Gear Ratios for the 42RLE:
- 1st: 2.80
- 2nd: 1.55
- 3rd: 1.00
- 4th: 0.69

Applications:
- 42RLE
  - 2005–2010 Chrysler 300
  - 2006–2010 Dodge Charger
  - 2004–2011 Dodge Dakota
  - 2004–2009 Dodge Durango
  - 2005–2008 Dodge Magnum
  - 2007–2011 Dodge Nitro
  - 2003–2012 Jeep Liberty
  - 2003–2011 Jeep Wrangler
  - 2009 Dodge Challenger V6
  - 2003–2012 Dodge Ram

==40TES/41TES==
The 40TES and 41TES are upgraded replacement versions of the 41TE, which were first introduced with the 2007 Chrysler Sebring. The 40TES is used with the 2.4 L GEMA I4 engine while the 41TES is used with the 2.7 L EER V6. The difference between the TES and TE is the TES has a shallower bell housing and the torque converter is more compact. This was done for the revised packaging of the 2007 Sebring's engine compartment. The 40TES and 41TES are also known As VLP, (Variable Line Pressure) Transmissions: a pressure sensor and line pressure solenoid were added to the valve body, in addition to the solenoid pack that bolts to the outside of the case.
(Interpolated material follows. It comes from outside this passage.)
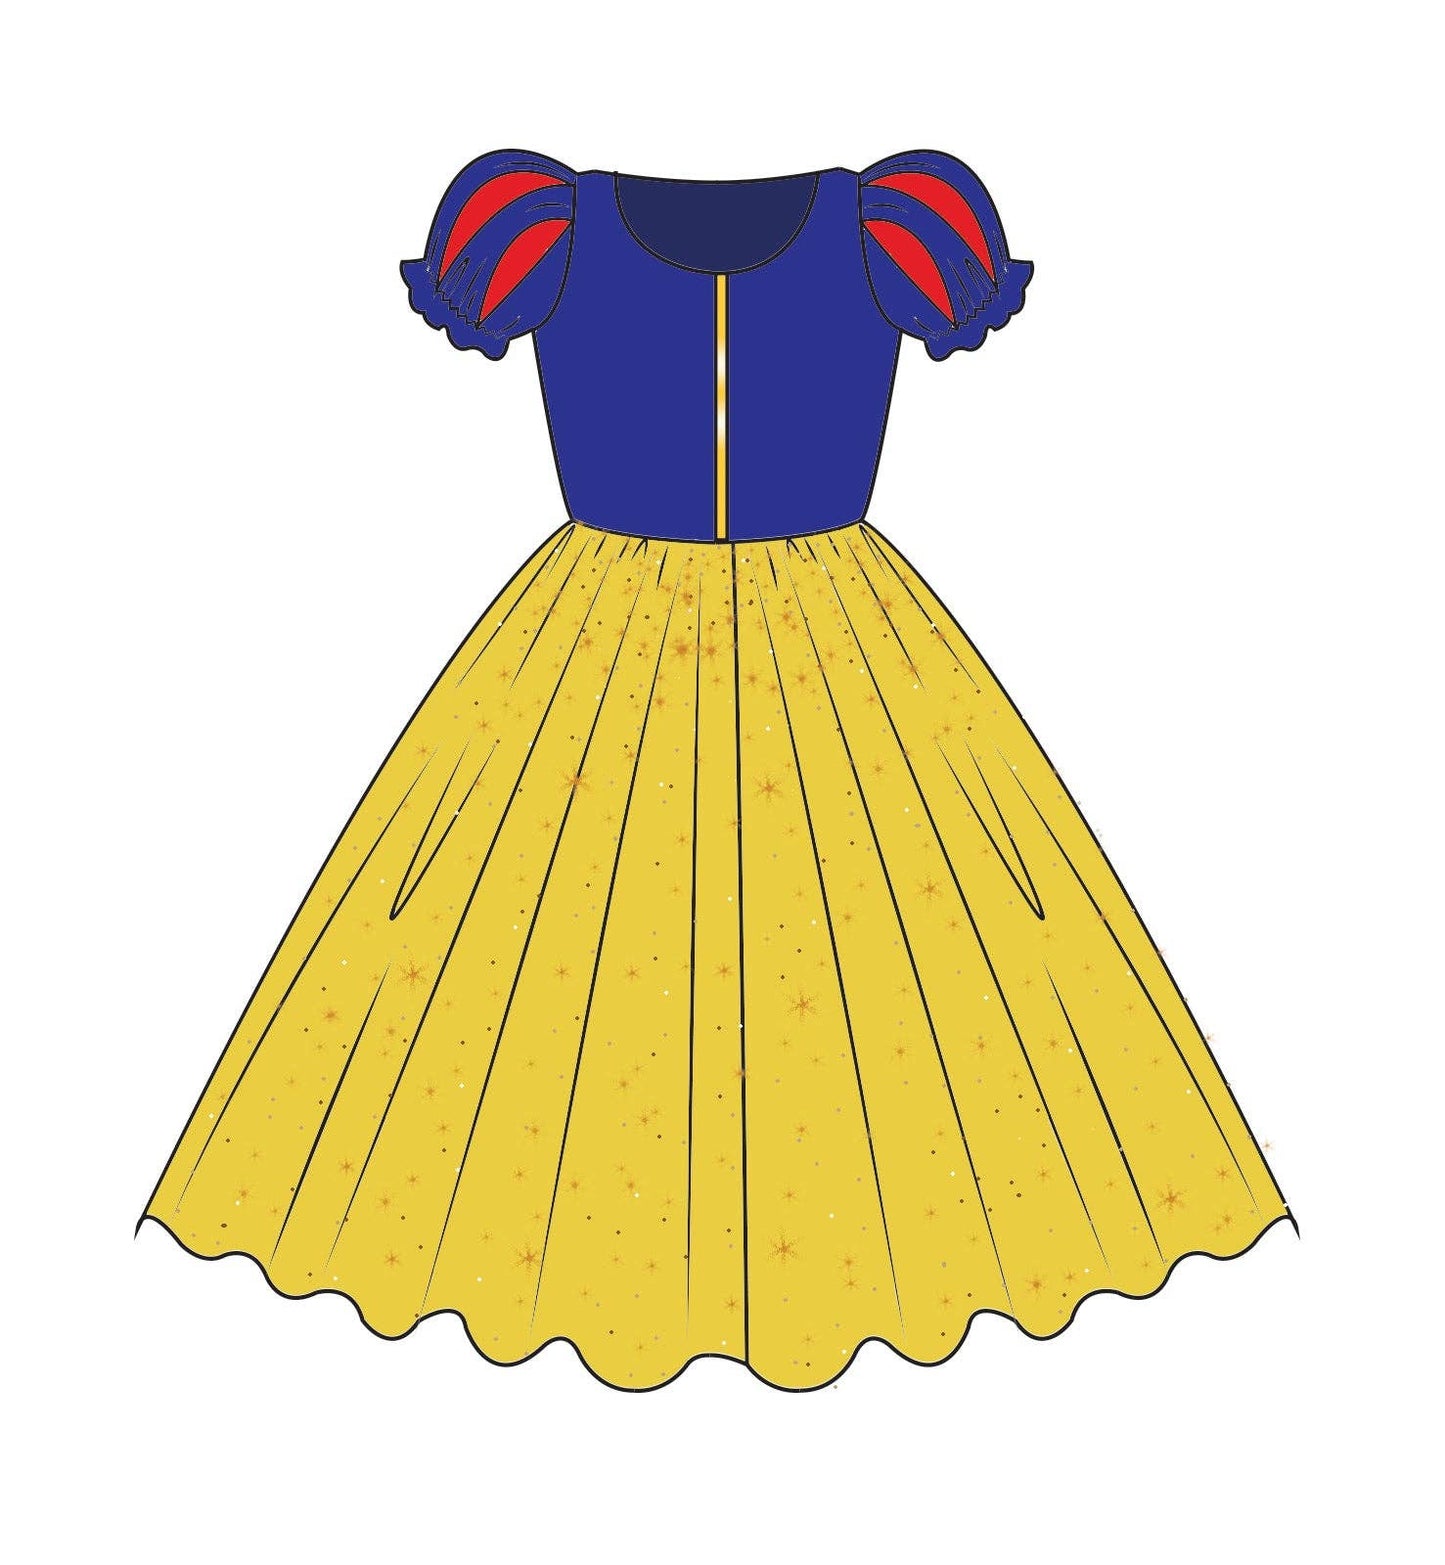 Fairest Princess Costume Dress (XS) 2-3 years
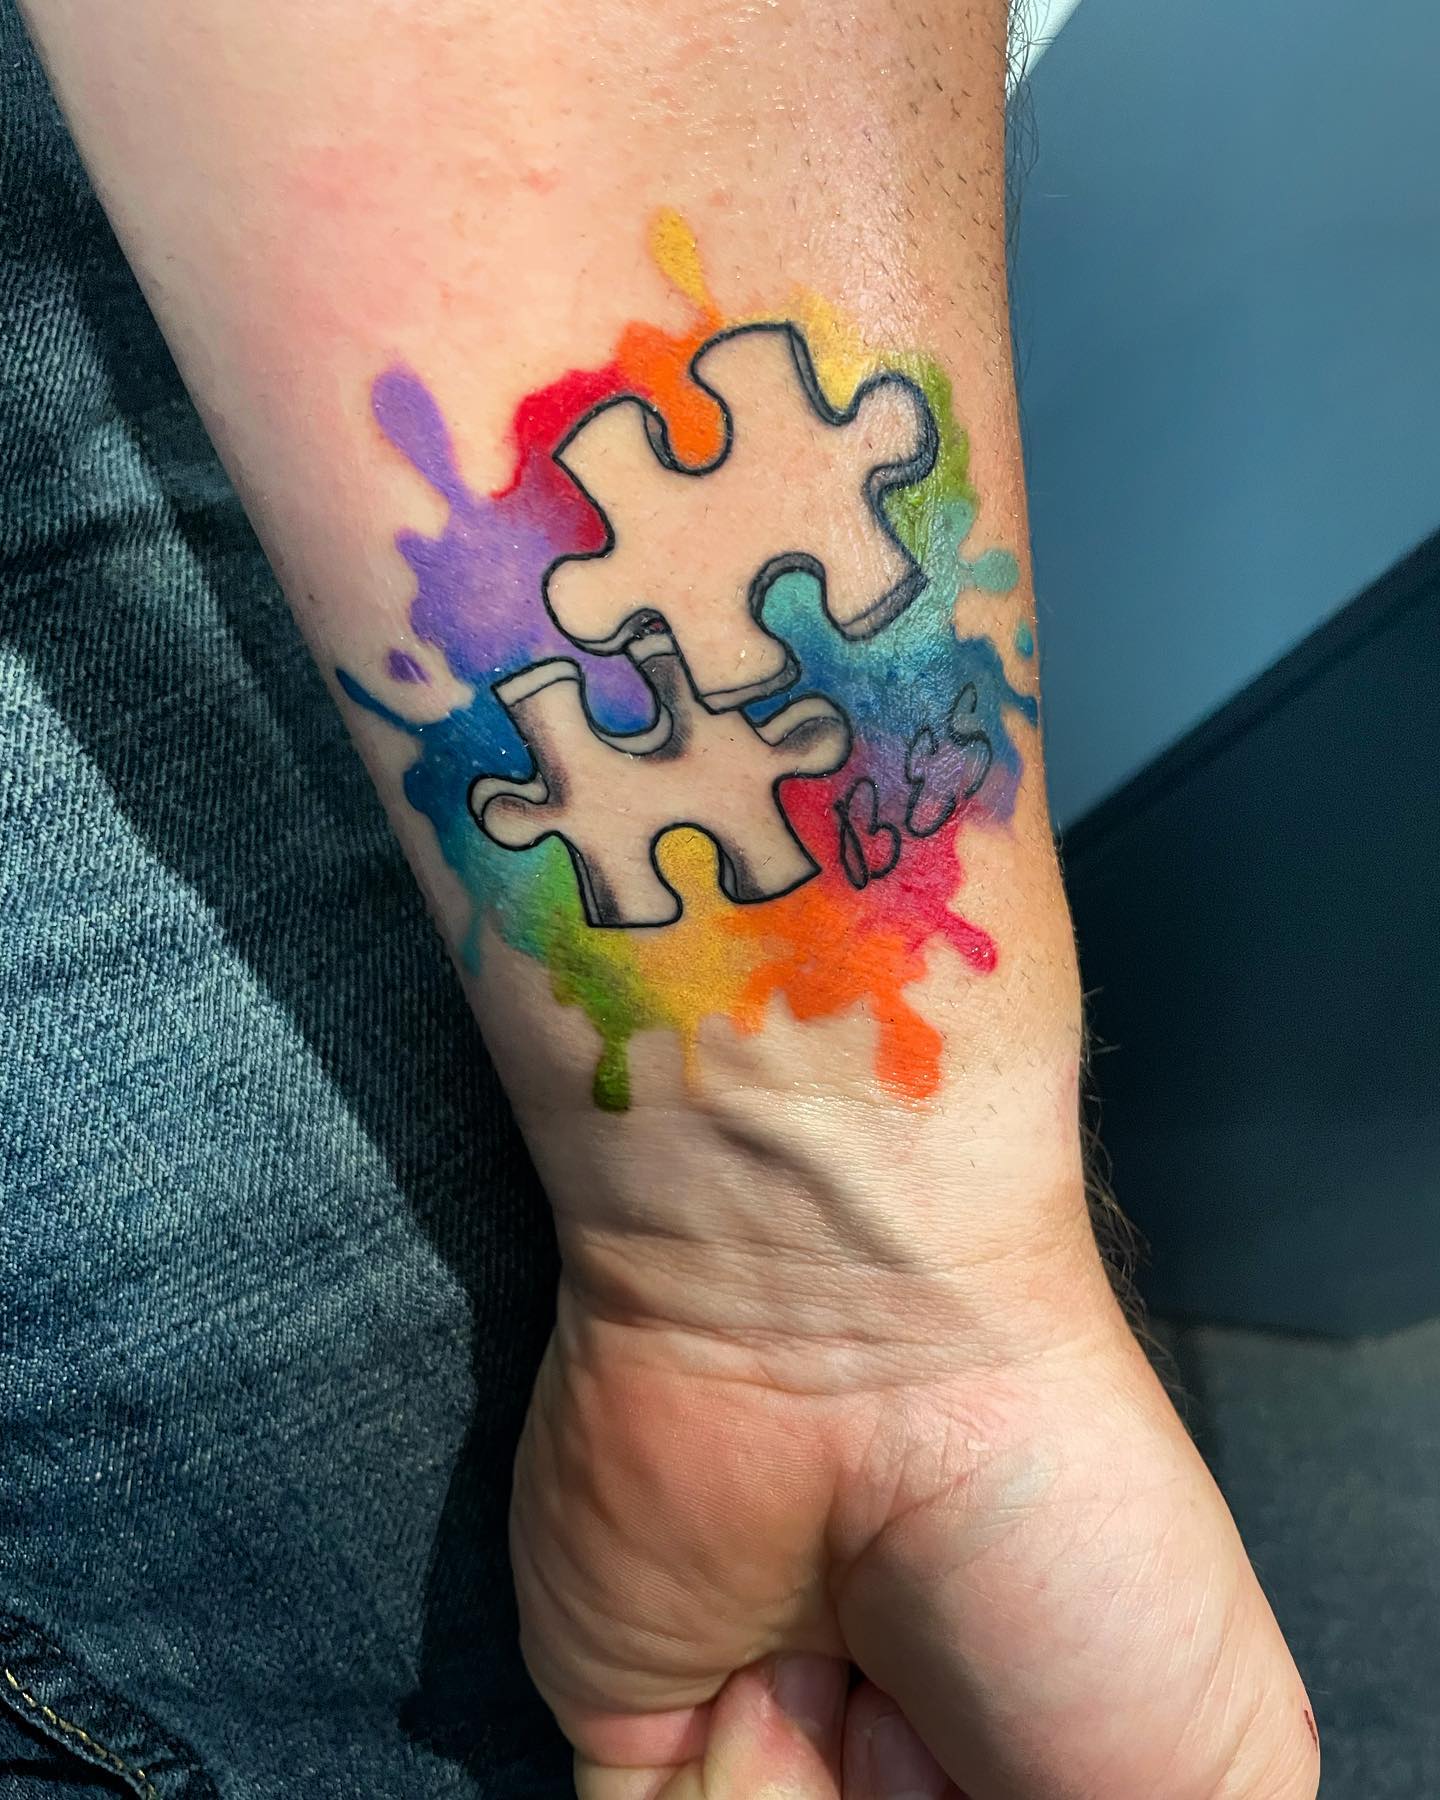 Autism Tattoos: 30+ Inspirational Design Ideas to Raise Awareness - 100 Tattoos

This resulted in an additional harness connector coming through the case near the manual linkage.

Applications:
- 2007–2010 Chrysler Sebring
- 2011–2014 Chrysler 200
- 2008–2014 Dodge Avenger
- 2009–2020 Dodge Journey

==62TE==
The 62TE is a six-speed derivative of the 41TE, first introduced on 2007 Chrysler Sebring models fitted with the 3.5L EGJ V6. Applications also include the Pacifica crossover (4.0L), the RT Platform minivans (3.8L & 4.0L V6; also 2.8L diesel for Europe) and the Dodge Journey (3.5L & 3.6L).

Applications:
- 2007–2008 Chrysler Pacifica
- 2007–2010 Chrysler Sebring
- 2011–2014 Chrysler 200
- 2008–2014 Dodge Avenger
- 2008–2016 Chrysler Town and Country
- 2011– Lancia Voyager
- 2008–2016 Chrysler Grand Voyager
- 2008–2020 Dodge Grand Caravan
- 2009–2014 Volkswagen Routan
- 2009–2019 Dodge Journey
- 2014–2021 Ram ProMaster

==Problems==
Many problems with Chrysler automatic transmissions are started when the automatic transmission fluid or "ATF" is replaced or topped-up with standard, more common fluids like DEXRON or MERCON type fluids. Chrysler transmissions need to use their own fluid, designated as ATF+4 Synthetic type 9602 fluid from Chrysler, not any other or any other plus an additive. If any quantity of other type of fluid is added to the transmission, a complete drain, flush and replacement with the correct ATF+4 will be needed.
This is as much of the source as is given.